- WORK REQUEST -
Write the listing out again word for word. Pictures do not belong in the copy.

- PROVIDED DATA -
□ □ □ □ □ □ □

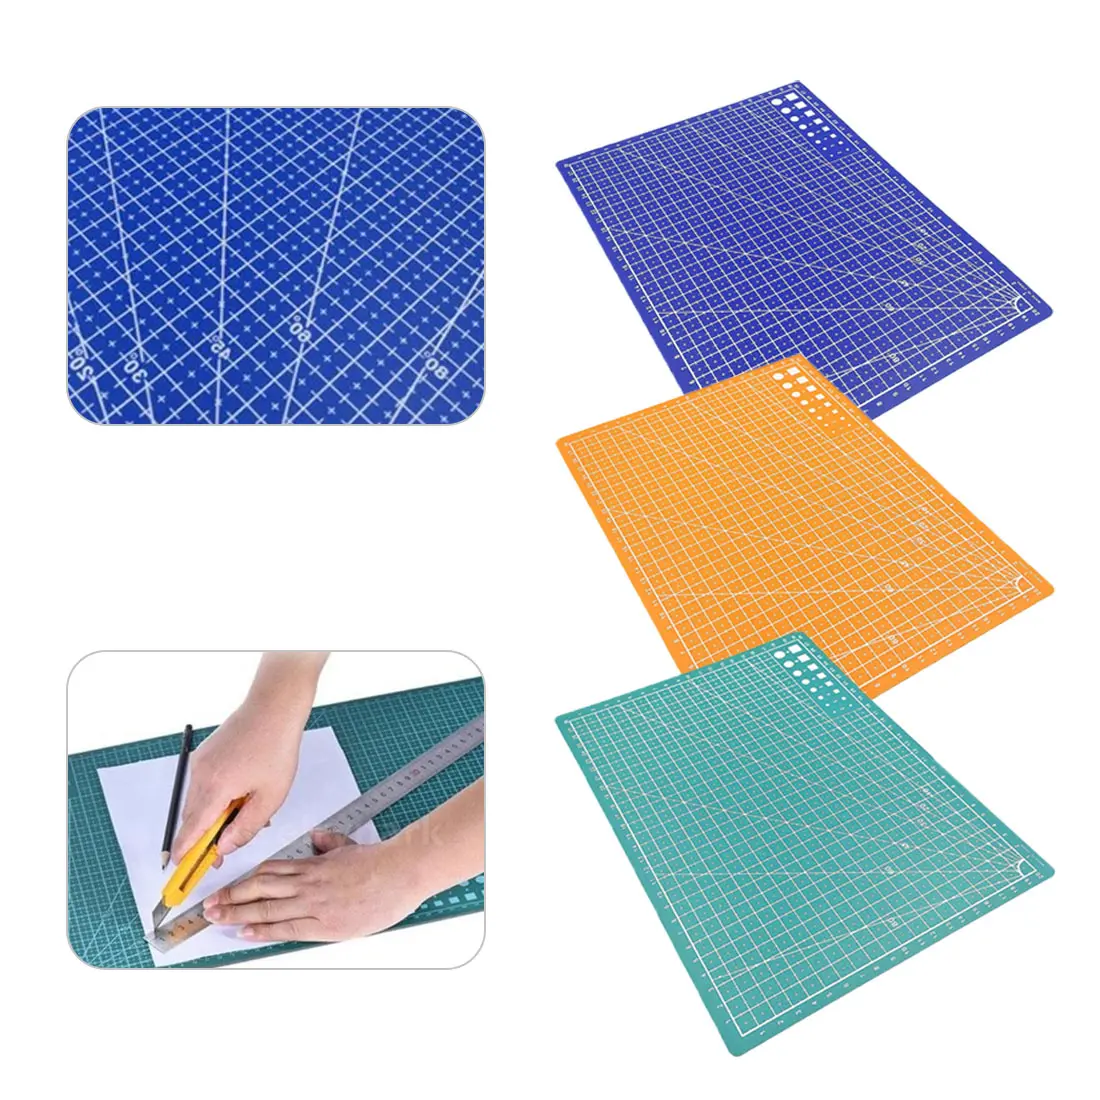 Ремесло карты ткань кожи и картона швейные инструменты 1PC A4 сетки линии самовосhealing вающиеся режущие колодки пластины резак
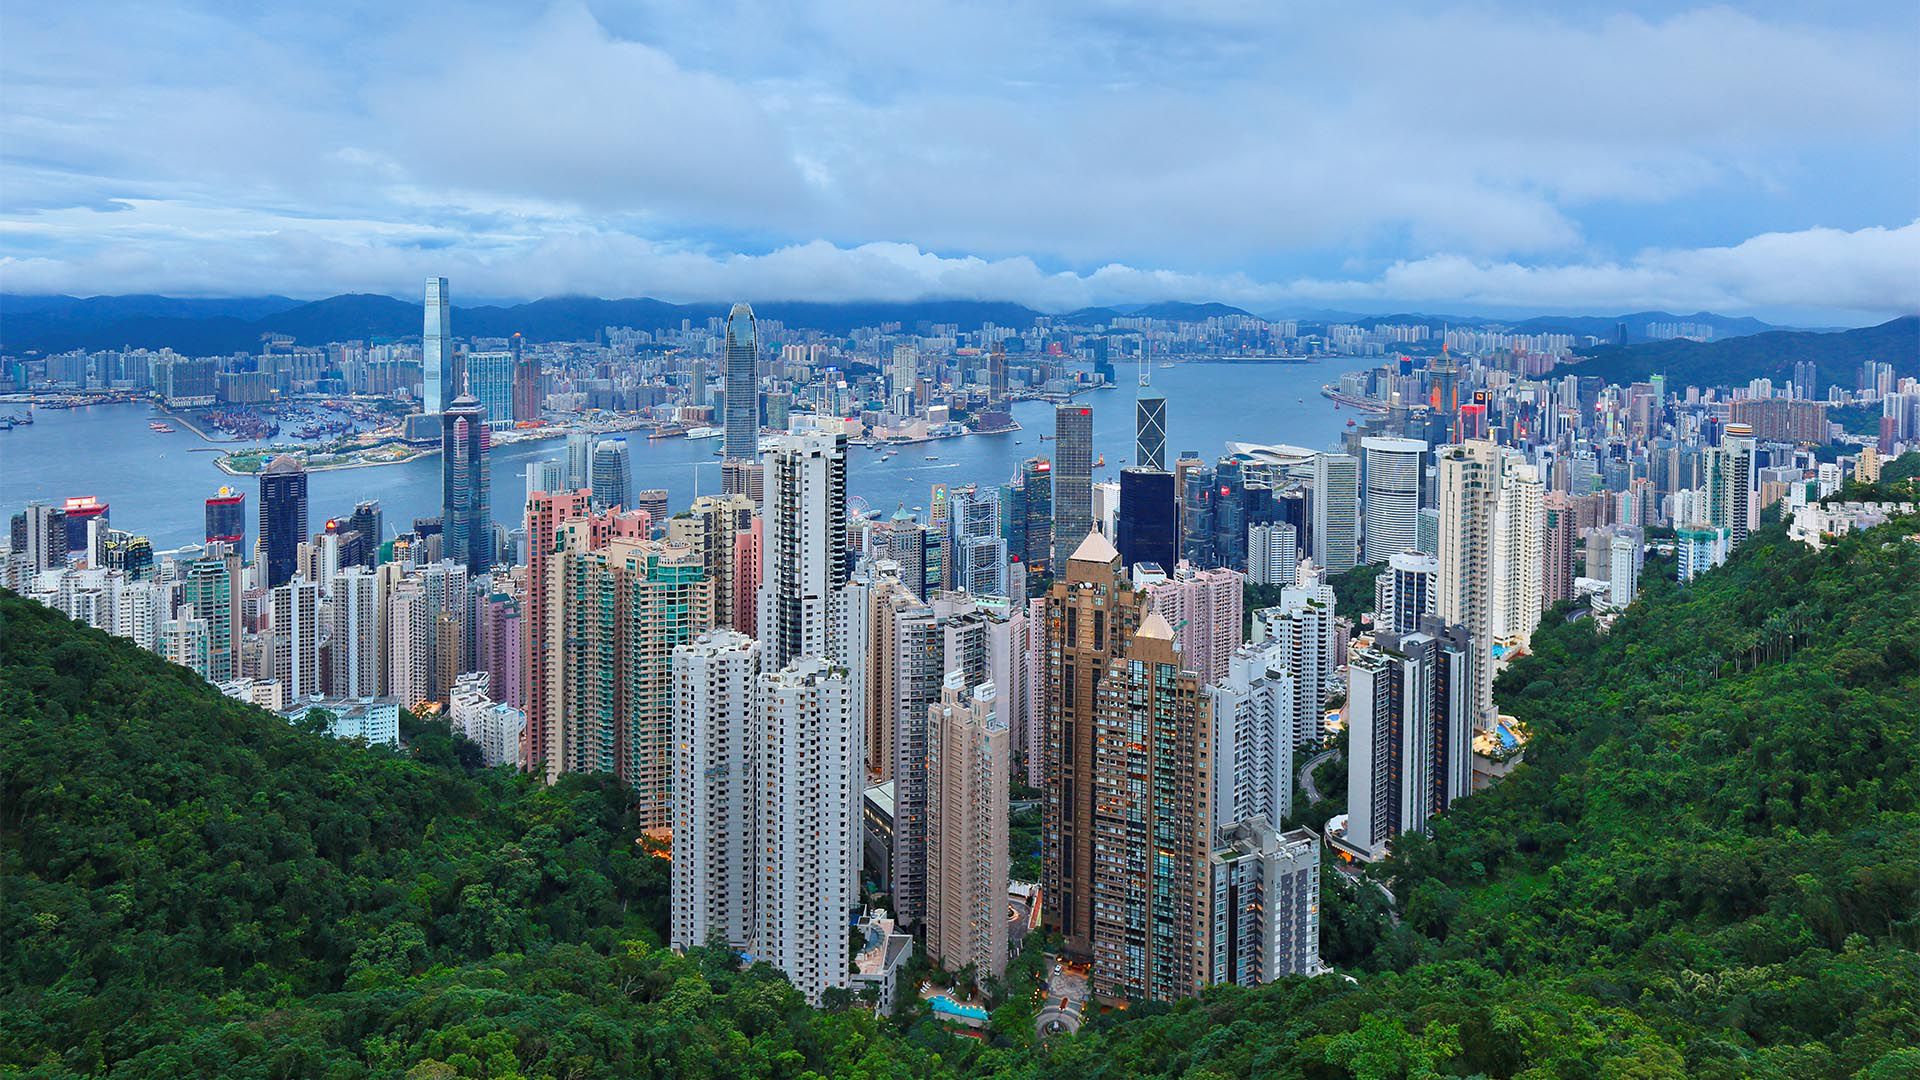 Con un estado tan densamente poblado como Hong Kong , puede sorprender que la tasa de criminalidad sea una de las más bajas del mundo
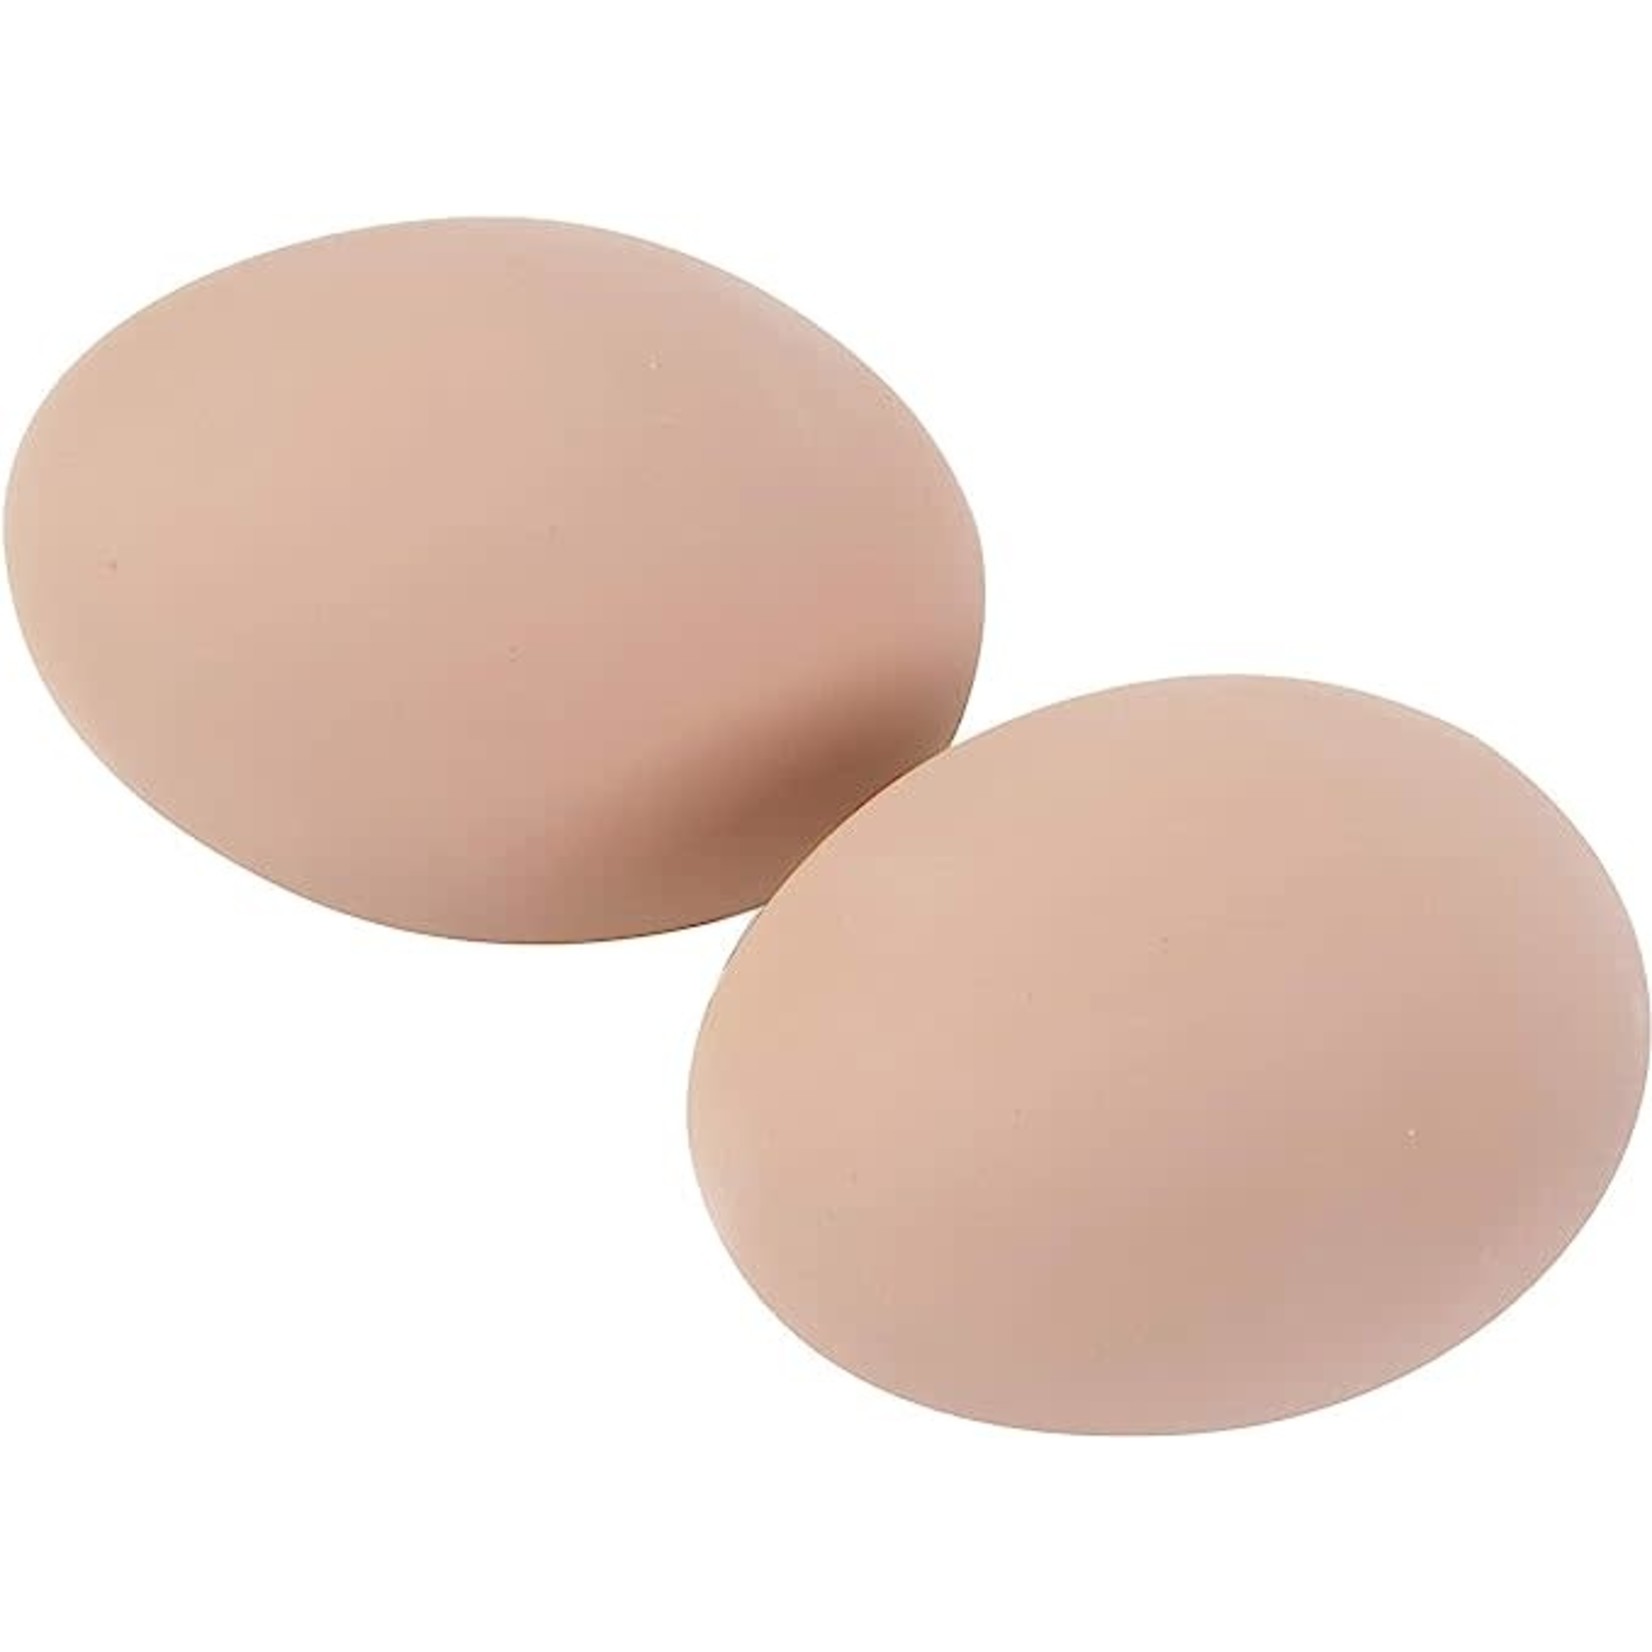 MILLER MFG Ceramic Poultry Nest Eggs - Brown

□ □ □ □ □ □ □

- RESULT FOR THIS EXERCISE -
 Ремесло карты ткань кожи и картона швейные инструменты 1PC A4 сетки линии самовосhealing вающиеся режущие колодки пластины резак
 Con un estado tan densamente poblado como Hong Kong , puede sorprender que la tasa de criminalidad sea una de las más bajas del mundo
 MILLER MFG Ceramic Poultry Nest Eggs - Brown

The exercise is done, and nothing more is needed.